Two final examples, just to show how often Protestant apologists engage in this intellectually-lazy burden-shifting. There’s no question, from Scripture, that the Church established by Jesus had bishops (1 Tim. 3:1) and Councils (Acts 15). Triablogue’s church (apparently) doesn’t. So you would think it would be on him to show that somewhere in Scripture said “do this now, but then get rid of the structure Jesus established.” After all, if there were any other teaching where someone said, “yes, Jesus taught this, but it’s not true any more,” we would normally expect them to support this claim with some sort of evidence. But amazingly, he doesn’t view himself as having this burden. Instead, his argument is that the Catholic just isn’t enough… and so he gets to win by default:
v) Catholics sometimes appeal to the “ordination” of Timothy (1 Tim 4:14; 2 Tim 1:6) as an example of holy orders. Suppose, for argument’s sake, we agree that the ceremony conferred a “charism” on Timothy. But Paul officiated at that ceremony. So that provides no precedent for “bishops” who aren’t handpicked deputies of the apostles. For “bishops” on whom apostles did not lay hands. […]viii) Catholics appeal to Acts 15, but apostles along with a sibling of Jesus were participants. So that’s no precedent for post-apostolic church councils.

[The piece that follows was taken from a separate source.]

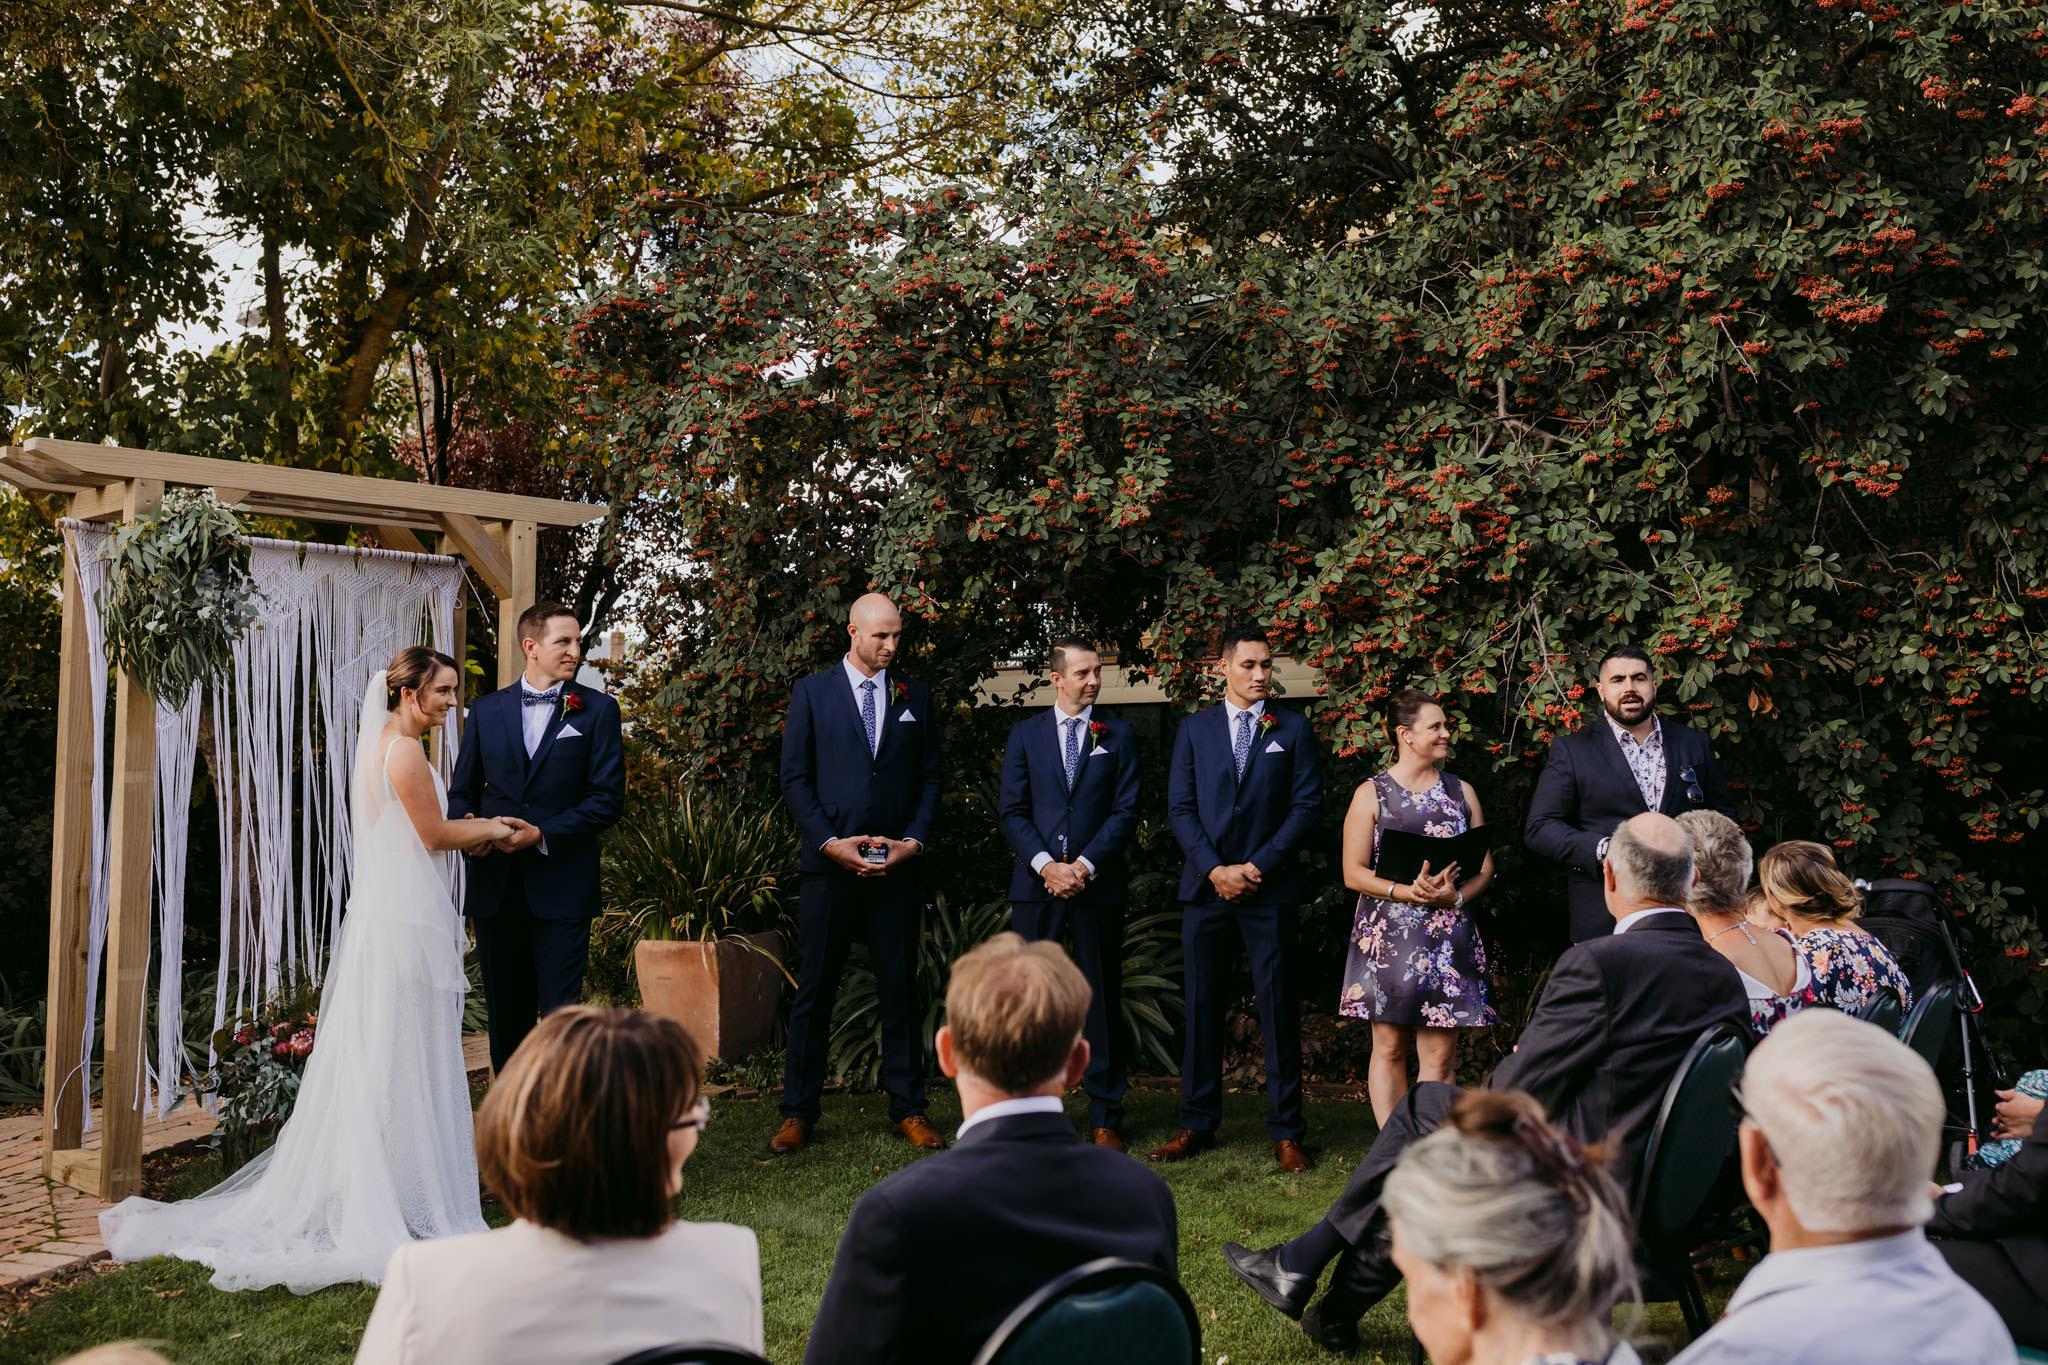 Erin Latimore Mudgee Canberra Wedding Photographer ROSEBANK GUESTHOUSE OLD THEATRE TONIC MILLTHORPE_223.JPG

Notice the burden-shifting again and again. He just repeatedly says some version of “the Catholic side hasn’t proven their case enough” while he doesn’t bother to prove his case at all. The Apostles appointed bishops as successors, but that doesn’t prove (to Triablogue’s satisfaction) that the bishops appointed more bishops as successors., and so therefore he just assumes the opposite. An infallible Church Council exists in the Bible. But that doesn’t prove that later Church Councils are infallible, so therefore he just assumes the opposite. On and on it goes. If we show that historically, Peter was succeeded by Linus, and Cletus, etc., well, that’s not good enough because the post-Apostolic history isn’t contained in the Bible. Somehow, Catholics have to trace the last two thousand years of papal succession while only using books from the first century.
This is an easy con game, if you can get away with it. There’s no way a Catholic will ever be able to prove every doctrine beyond a shadow of any doubt, especially if the Protestant side doesn’t need to offer any proof or any sort of coherent theory. You can just as easily use this “method” to prove that Christian sexuality morality isn’t still applicable, or that if Jesus were alive today, he wouldn’t really still teach the things he taught, and so on. And how can anyone ever respond? No matter how good their evidence, you can just say “I’m not convinced.”
There’s a serious spiritual danger here for Protestants, one rarely remarked upon. Relative to atheists, Protestants are defined by what (and in whom) they believe. But relative to Catholics, Protestants are defined by what they disbelieve.* And so it’s easy to take the same fallacious burden-shifting arguments that atheists often use to justify their disbelief. But at heart, we need to recognize that this approach isn’t an argument. This is just the shrug of the skeptic in the guise of a Christian. It’s an abandonment of defending one’s beliefs. As an approach, it’s ultimately both illogical and totally unfitting, least of all for a Christian.
*I think that this is an important point. I’m not familiar with the Norseman fallacy being employed by a Catholic, which may be my own blindness or bias, but which I suspect is because Catholics are rarely in the position of arguing for what we don’t believe.